YOUR INSTRUCTIONS >> Your output should be exactly the lines from the one containing "In der Werkstatt" through the final line of the following data, please, with no pictures.

RAW DATA >>
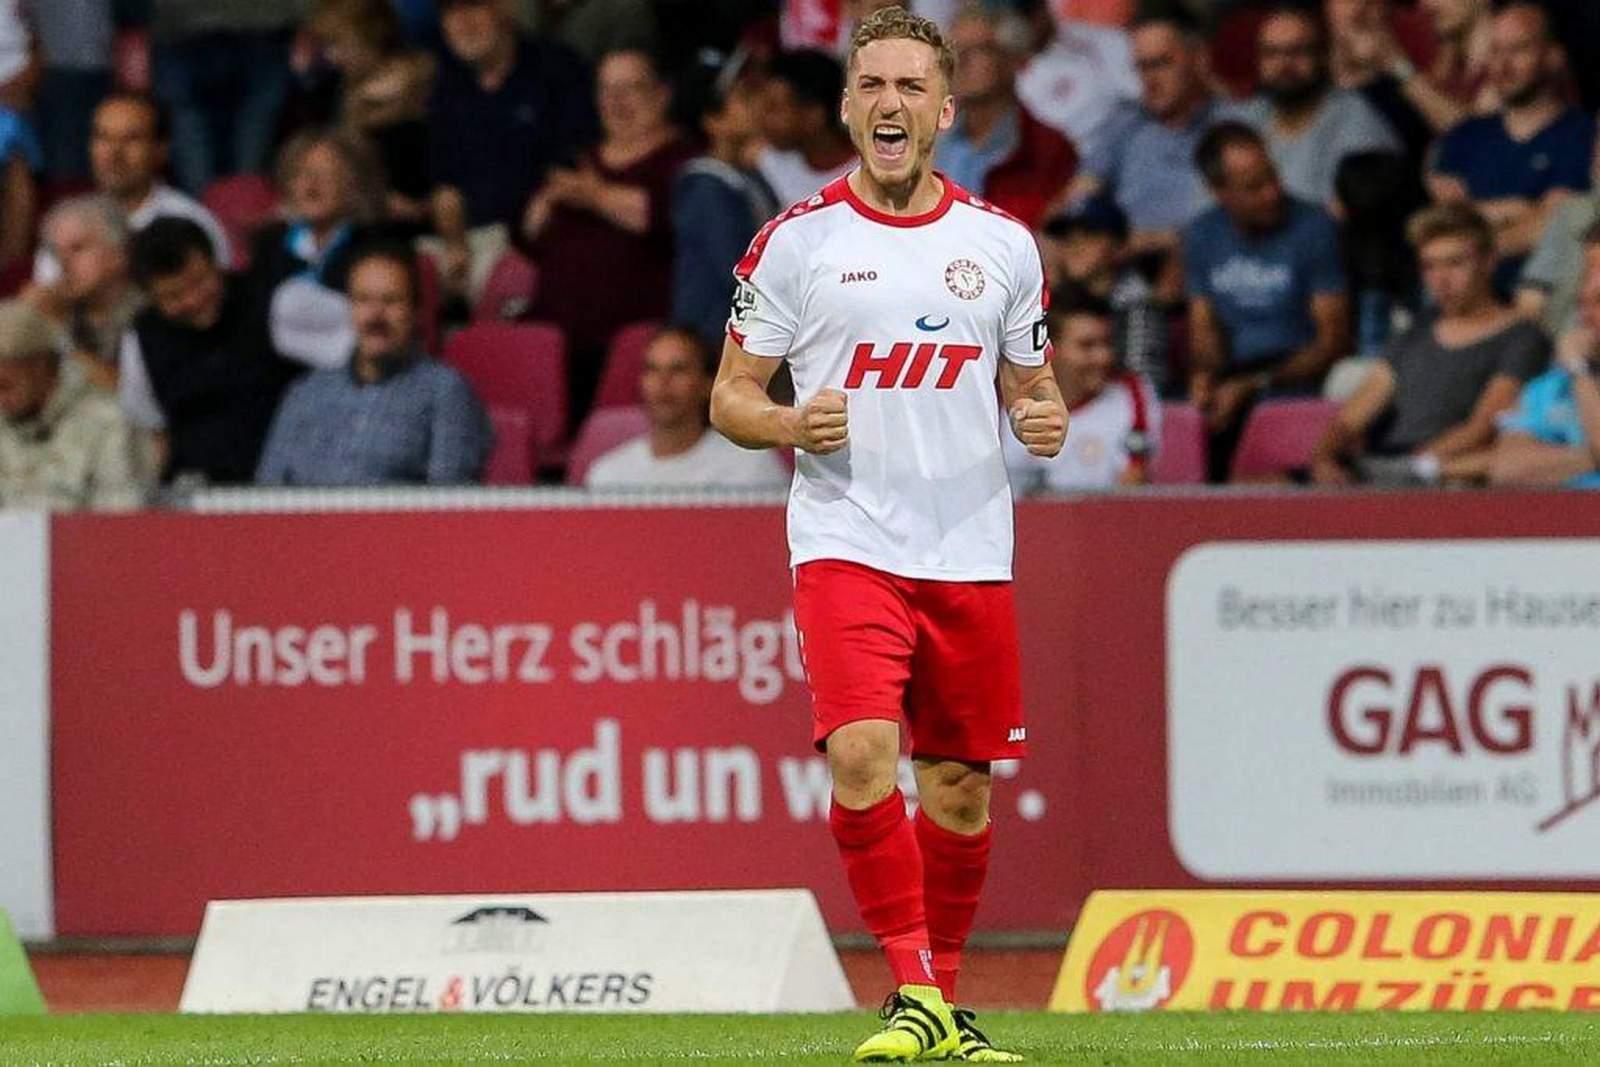 Robin Scheu im Trikot von Fortuna Köln
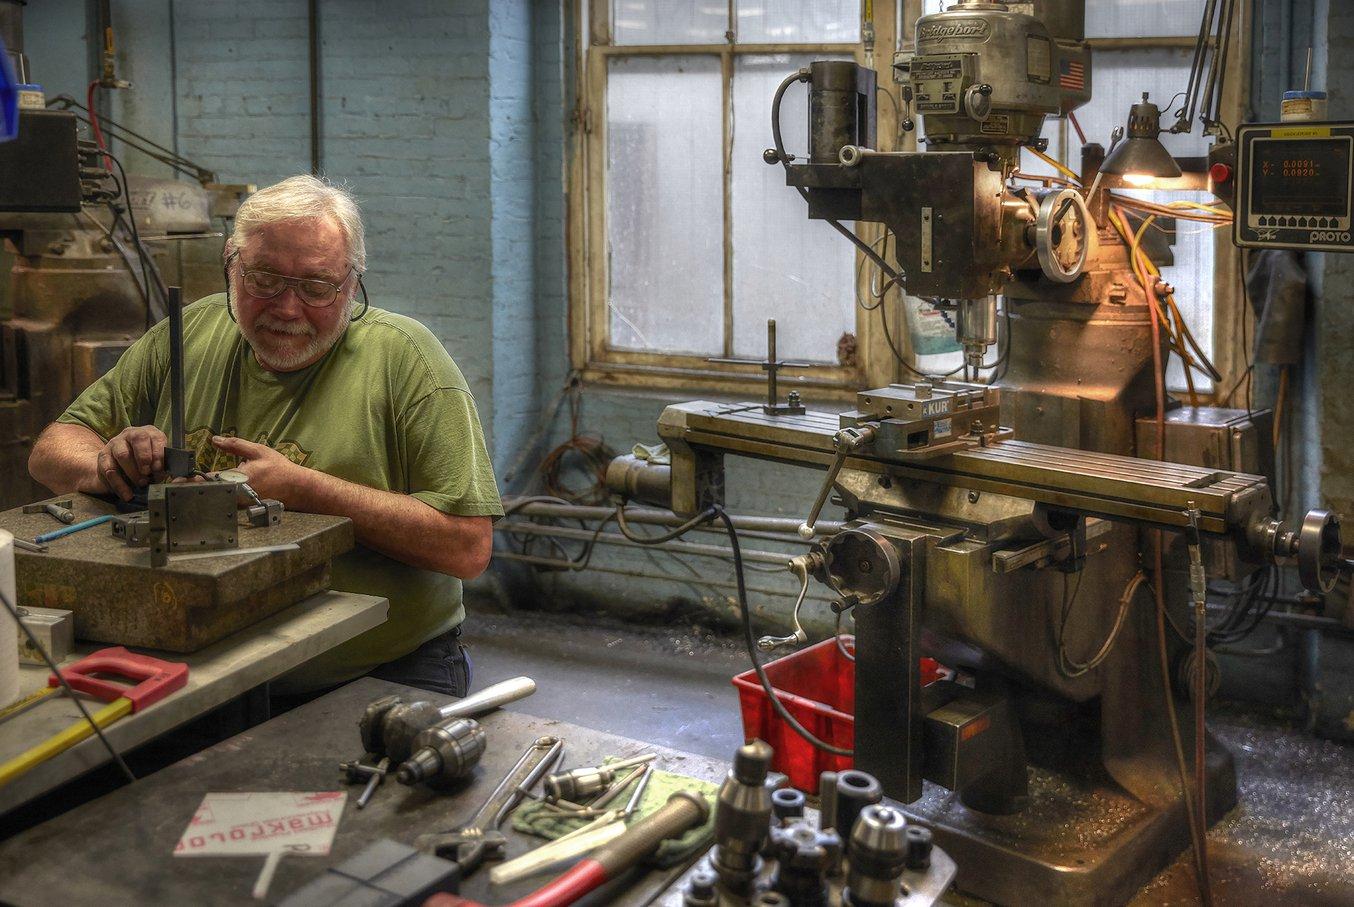 In der Werkstatt von A&M Tool and Design sind eine Vielzahl verschiedener Technologien vertreten, von Bridgeport CNC-Fräsen bis hin zu einem Desktop-SLA-3D-Drucker.
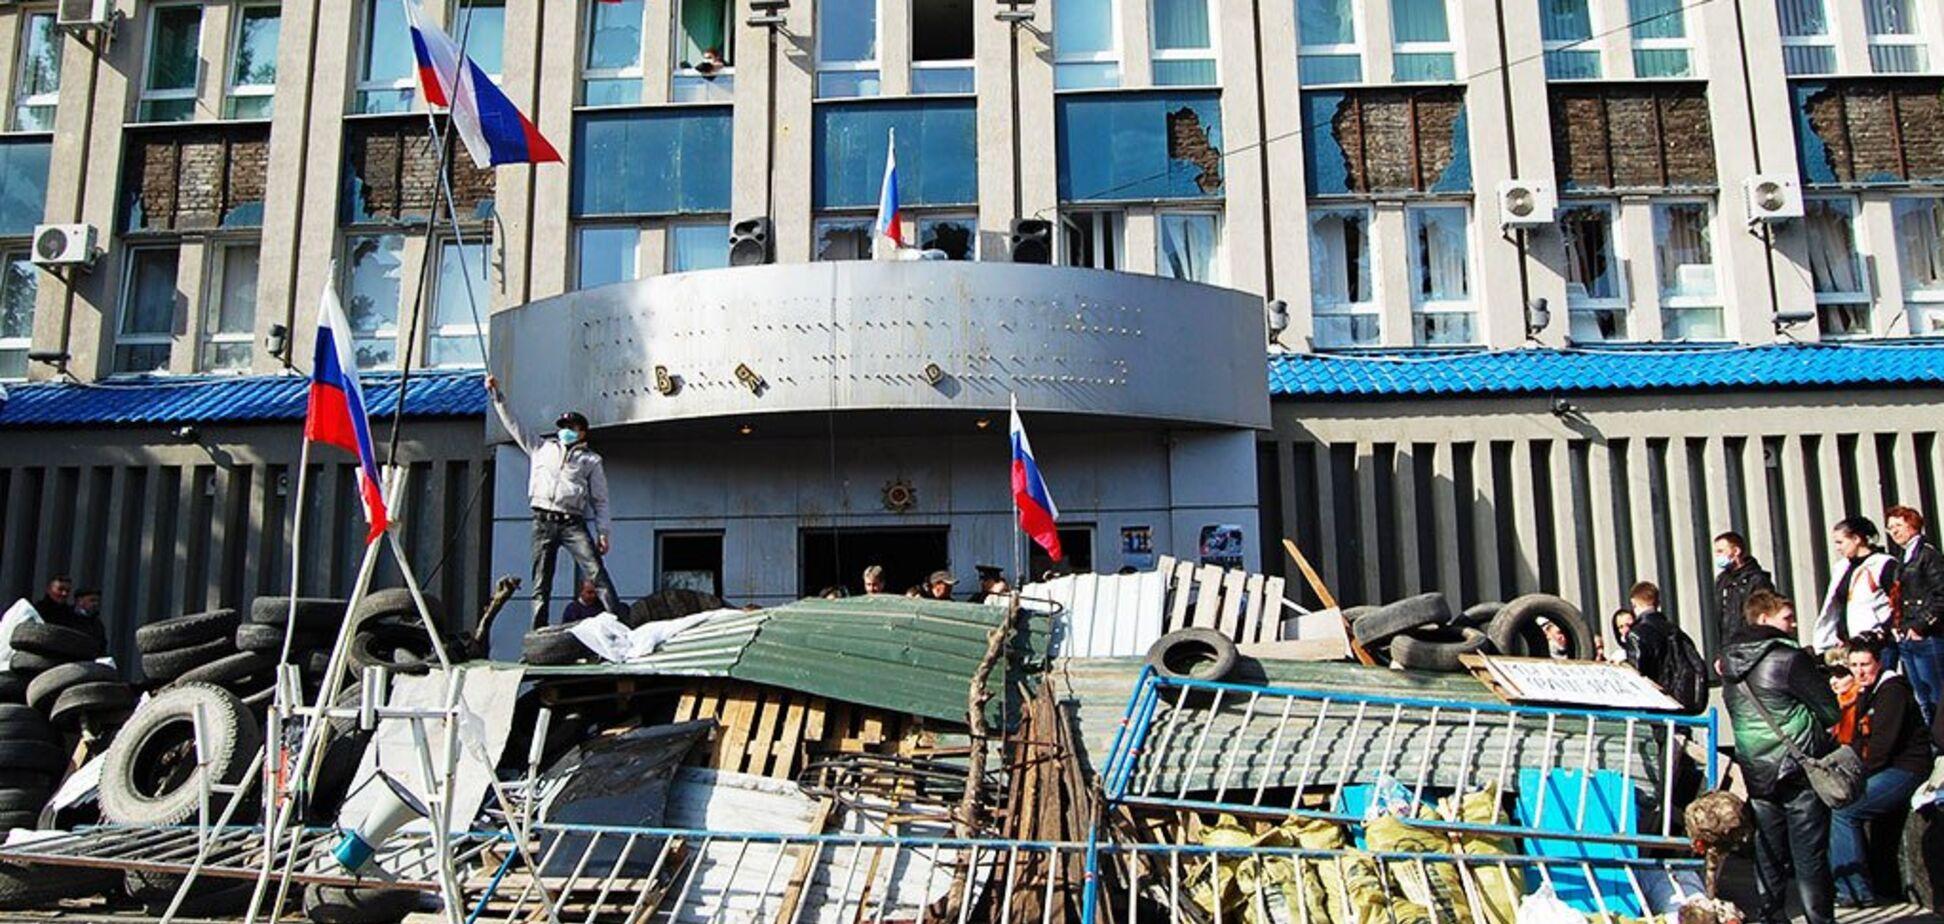 События в Донецке, о которых нельзя говорить
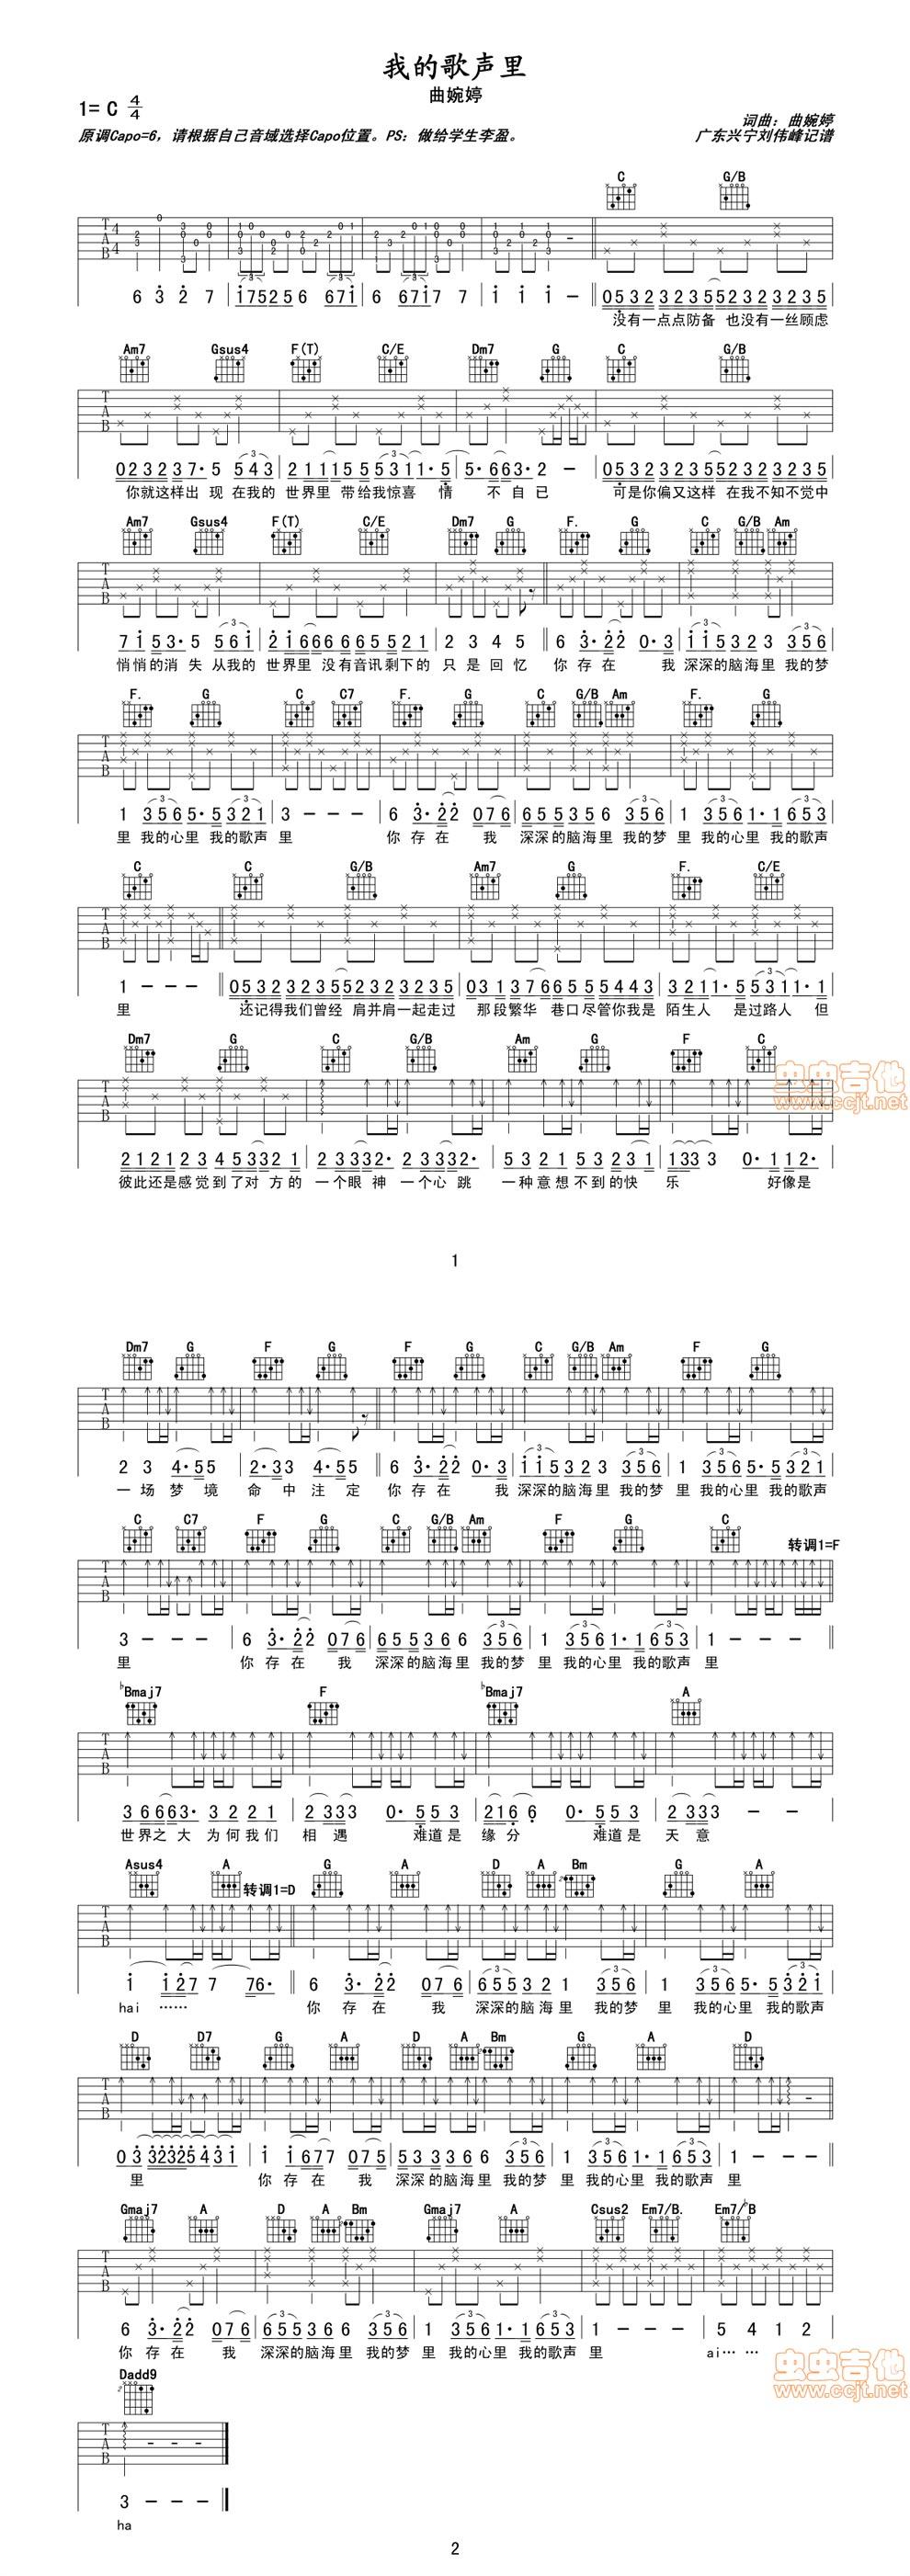 我的歌声里 原版的吉他谱 - 彼岸吉他中国第一吉他图片

RESPONSE BELOW >>
 In der Werkstatt von A&M Tool and Design sind eine Vielzahl verschiedener Technologien vertreten, von Bridgeport CNC-Fräsen bis hin zu einem Desktop-SLA-3D-Drucker.
 События в Донецке, о которых нельзя говорить
 我的歌声里 原版的吉他谱 - 彼岸吉他中国第一吉他图片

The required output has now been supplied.